Thomas Piketty calls for a progressive private capital/wealth tax as a means to reduce public debt. What are the advantages/disadvantages of this fiscal solution?

A progressive tax on European capital-wealth (not just bank deposits but all assets including shares) at a rate of 0 per cent on up to 1 million, 10 percent between 1 and 5 million, and 20 percent above 5 million would reduce public debt by 20 percent of GDP.

Alternatively, the same rates of 0, 1, and 2 percent over 10 years would yield the same result.

The important point to be observed is that different economic choices have different distributional implications. In distributing the burden of adjustment for the banking collapse, governments have decided to not tax capital-wealth.

Rather, the strategy is to increase labour-income taxes, and reduce public expenditure. But do governments really have a choice? Are alternative adjustment paths possible?


Why do democratic governments not tax capital to deal with the public debt crisis, as suggested by Piketty?

Think about the importance of ideas, interests and institutions in shaping the political economy of adjustment.

First, capital taxes directly contradict the general intellectual paradigm underpinning European integration. Second, the interests and influence of those with wealth are politically opposed to this.

Thirdly, and perhaps most importantly in the context of EMU, it would require cross-national coordination among governments: it would require giving up more fiscal sovereignty, which the electorate don’t want.

The capacity of the nation-state to solve economic problems is clashing with the realities of global financial markets.

What about inflation as a strategy to reduce public debt?

An inflation rate of 5 percent per annum would allow governments to reduce their debt by more than 15 percent.
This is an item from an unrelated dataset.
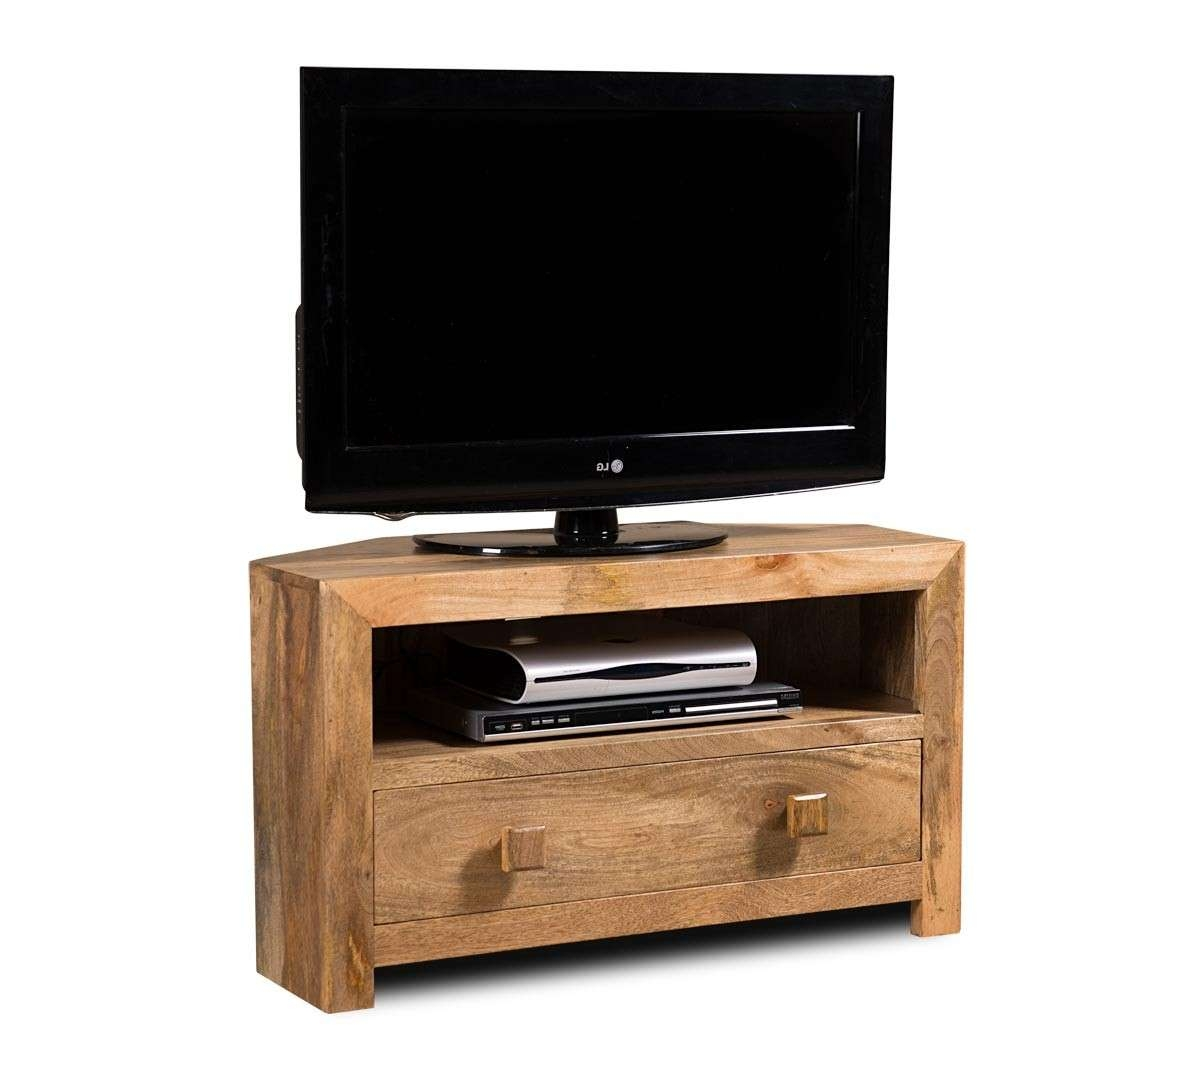 Dakota Light Mango Small Corner Tv Stand | Casa Bella Furniture Uk In Wood Corner Tv Cabinets (View 8 of 20)

It was this type of inflation that allowed Germany to embark on its post-war reconstruction without creating a sovereign debt crisis (in addition to massive financial assistance from the USA).


If there is no inflation, and no tax on capital, and a growth rate of 2 percent per annum, then the only choice is to cut spending and wages. But this austere strategy will take Euro governments over 20 years to reduce their debt to GDP ratio by 20 percentage points.

For example, at present, the Irish government spends more on debt interest re-payment as a percent of GDP than it does on its universities. Public debt is another persons private wealth. It is a form of redistribution.

European countries are rich, wealth and capital-income ratios are at their highest since the 19th century. This is not the case for governments who must rely on debt or taxes to finance public expenditure.

Nobody wants to pay more tax, neither the rich nor the poor. Member-states in the Euro do not want to pool their debt or deficits. There is no ‘technical’ solution to these distributive dilemmas. It is a political problem.